The most notable warning when taking Mitomycin is its application site. Because this medication is a cytotoxic agent, it's imperative that its application is reserved only for the topical use of surgical sites.
As mentioned earlier, if Mitomycin is used intraocularly, severe reactions occur. This includes cellular death, which can lead to retinal and corneal infarction. Other severe reactions when used in this manner include ciliary body atrophy and complete blindness.
The potency of Mitomycin requires precise application time limits. Failure to adhere to the two-minute application duration can result in serious side effects. Perhaps the most severe side effects is thinning or perforation of the cornea. Should the solution accidentally come in contact with certain eye components, such as the corneal endothelium, the cytotoxic nature of Mitomycin will cause permanent cell death.
While Mitomycin is generally considered safe when used according to the established best practices, there is substantial evidence this medicine can be detrimental during pregnancy.

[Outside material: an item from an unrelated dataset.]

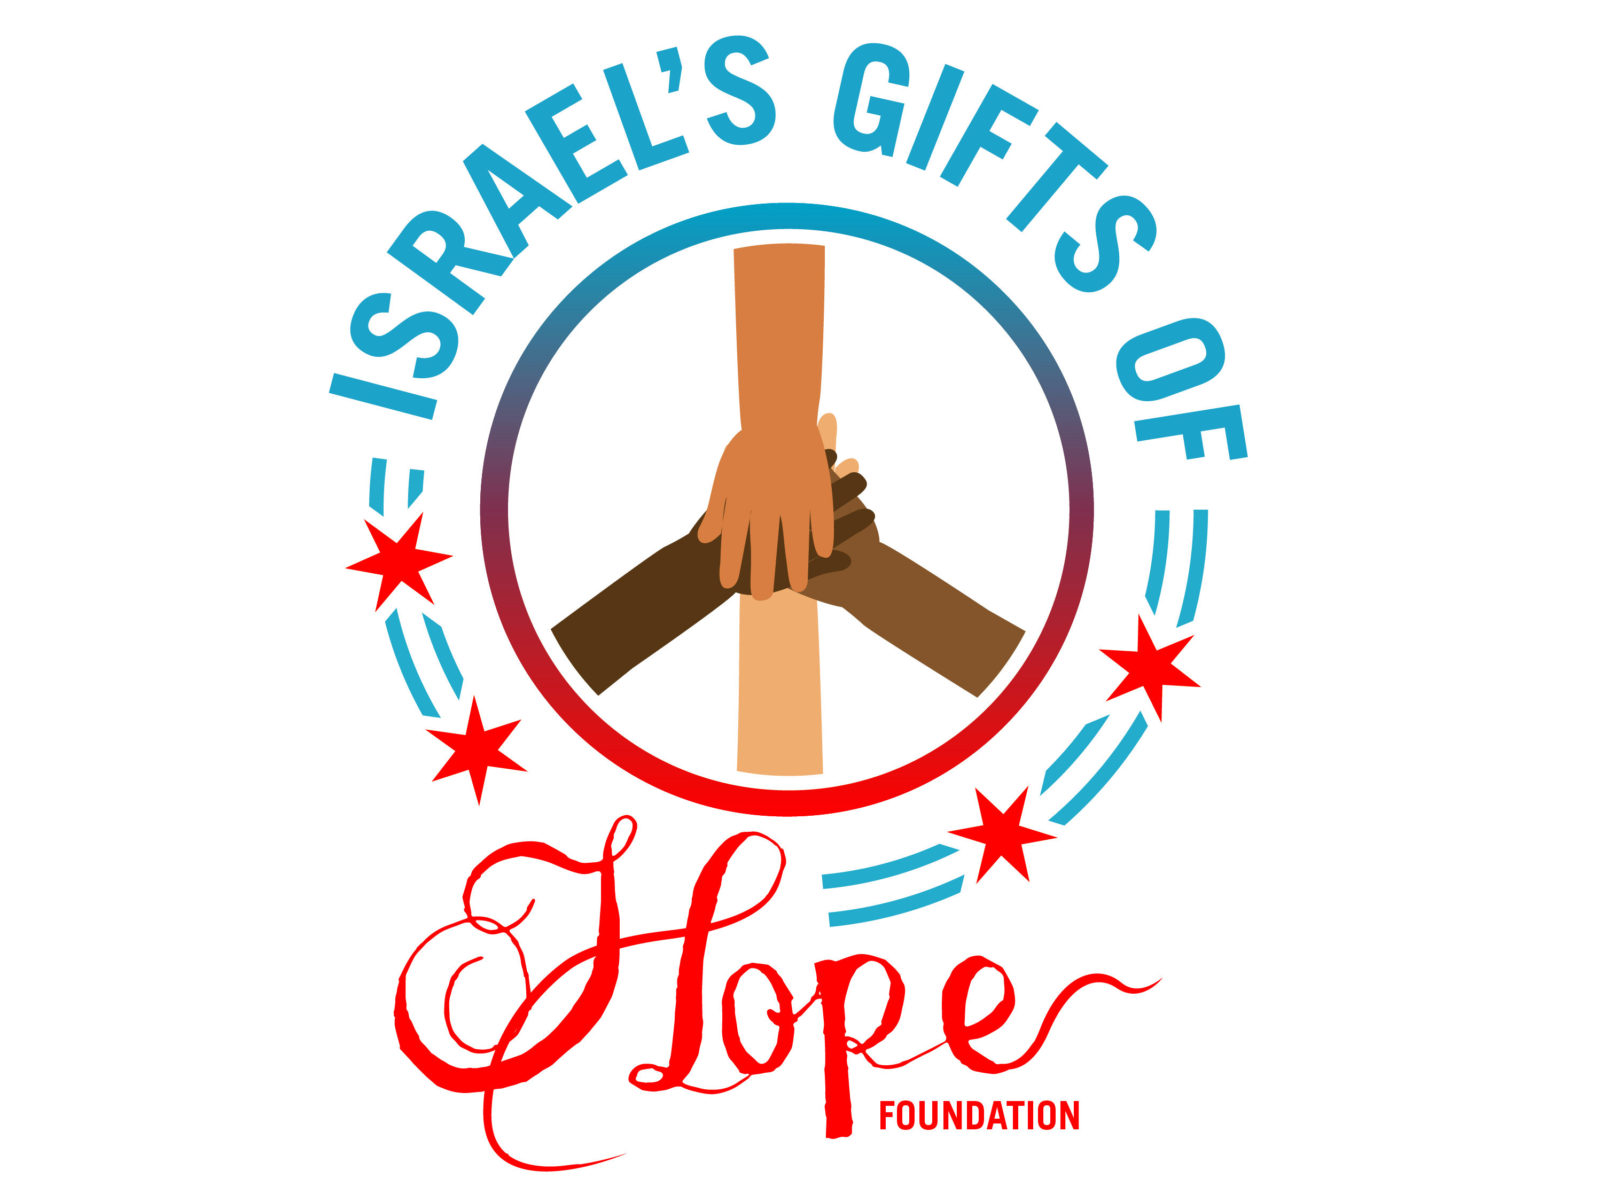 Contact Us Israel's Gifts of Hope Foundation

Officially categorized as 'œX,' use of Mitomycin while pregnant is not recommended as the potential benefits do not outweigh the risk of adverse reactions. Although it's not established whether or not the medicine can be passed through breast milk, breastfeeding mothers should discuss the possibility or risk with their physician.

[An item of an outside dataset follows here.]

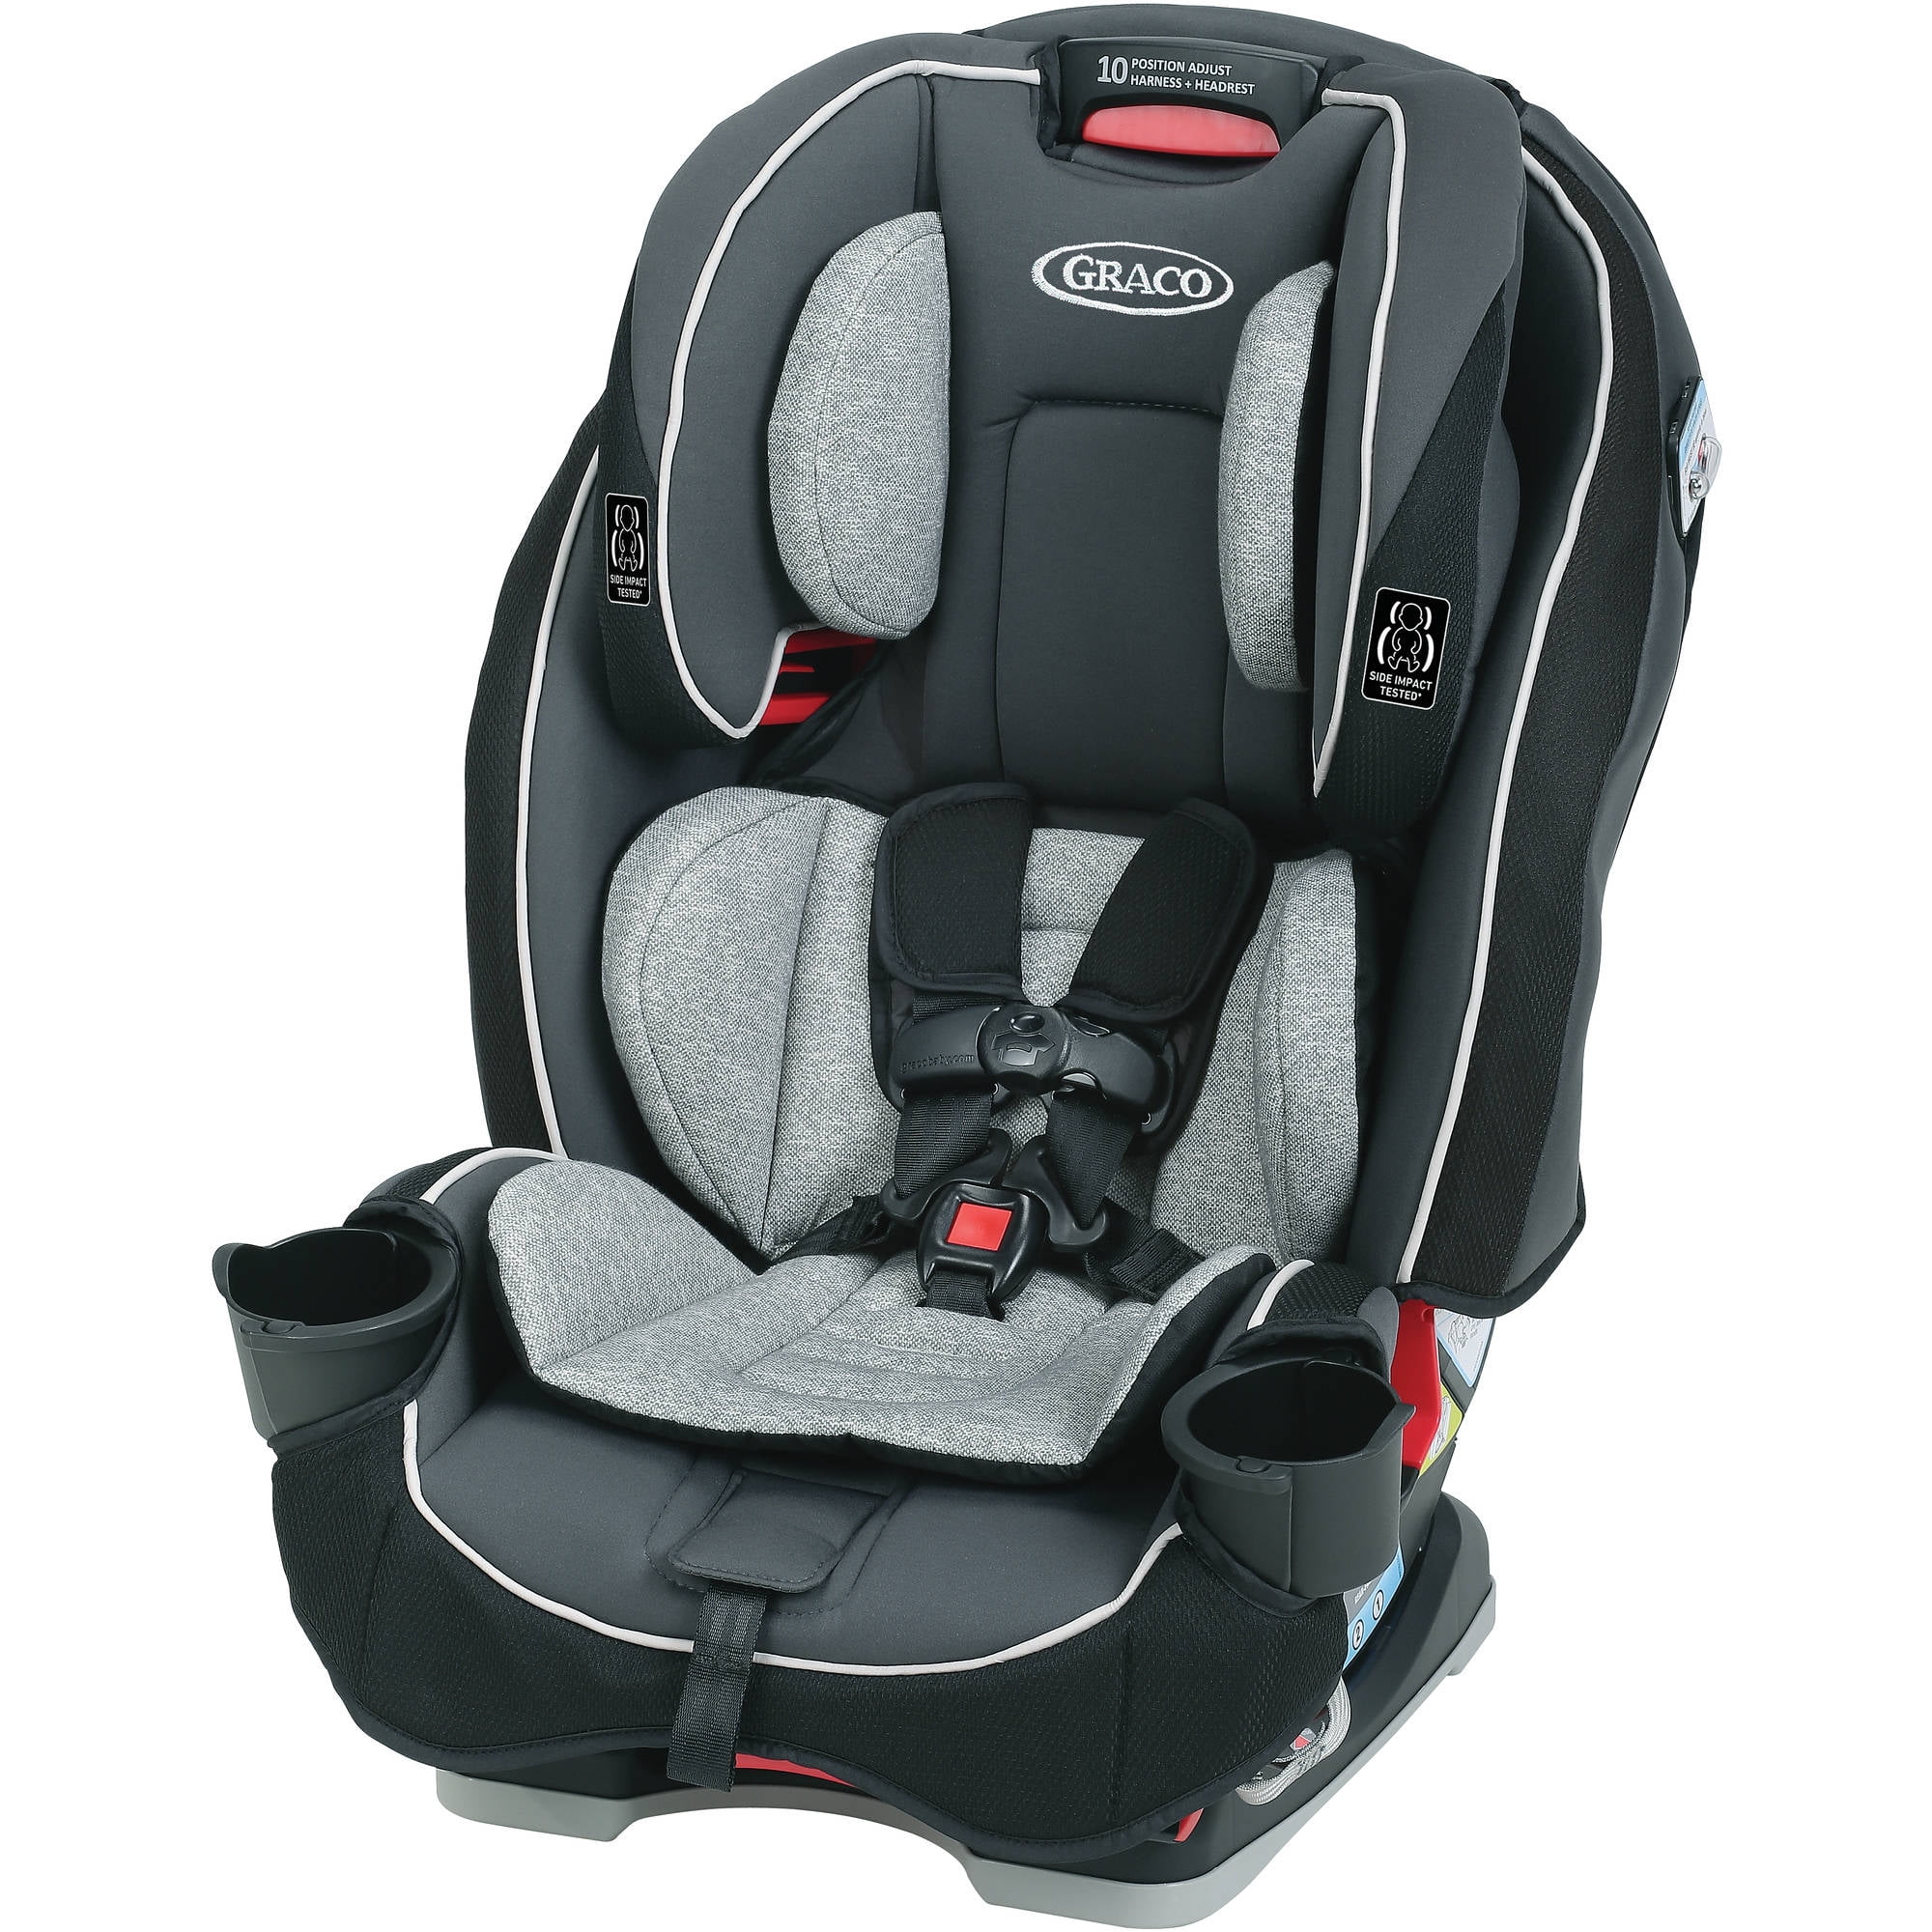 Graco SlimFit All-in-One Convertible Car Seat, Darcie Gray - Walmart

While still debated, studies have shown Mitomycin may be dangerous when taken while pregnant, or when conception occurs during treatment. The most notable risk is serious fetal harm. If a patient is attempting to become pregnant around treatment dates, Mitomycin therapy may not be recommended.
According to clinical trials, Mitomycin treatments have been connected with an increased risk and/or instance of post-surgery hypotony. This situation is when a cataract is removed. While rare, this situation results in a non-healing or continuously leaking wound. When this occurs, it's possible to experience internal fistulas.
When used in phakic patients, the use of Mitomycin has been attributed to an increased instance rate of cataract formation and lenticular alteration. Patients who have had a negative interaction with Mitomycin in the past shouldn't continue to use this medication.
Because Mitomycin will be administered in a clinical setting, storage is under the supervision of medical professionals. As a general rule, Mitomycin should be stored in a dry location with temperates no lower than 68 degrees Fahrenheit, and no higher than 77 degrees Fahrenheit.
Due to the serious nature of the medication, storage and handling procedures must align with the established guidelines for all anti-cancer drugs. Disposal of used kits and sponges must align with chemotherapy disposal guidelines.
Since its introduction as a ophthalmic agent in 1969, the use of Mitomycin has transformed the success and viability of ocular-related procedures. Much like any other medication within this class, its positive potential isn't without negative possibilities.
Whether used to prevent scar tissue formation from glaucoma filtration surgeries, or to reduce the symptoms of allergic conjunctivitis, Mitomycin is a powerful tool in the arsenal of vision restoration.
Prior to administering this medication, it's important to communicate several key points. The most important of these is to discuss pregnancy. If a patient is currently pregnant, or may become pregnant during the treatment, the use of Mitomycin isn't recommended. The same is true if a patient is breastfeeding.
Although the risk of serious side effects is very real, so is the potential of Mitomycin. Whenever issues arise within the eyes, extreme care must be taken in both the procedure and administration of medications. While Mitomycin has the potential to directly cause complications, with proper administration, it's possible to avoid exasperating an already serious situation.
In summary, Mitomycin offers a myriad of benefits designed to protect vision by inhibiting unsavory surgical side effects. With proper administration, and appropriate post-surgical care, this medication is powerful option for eye-related procedures.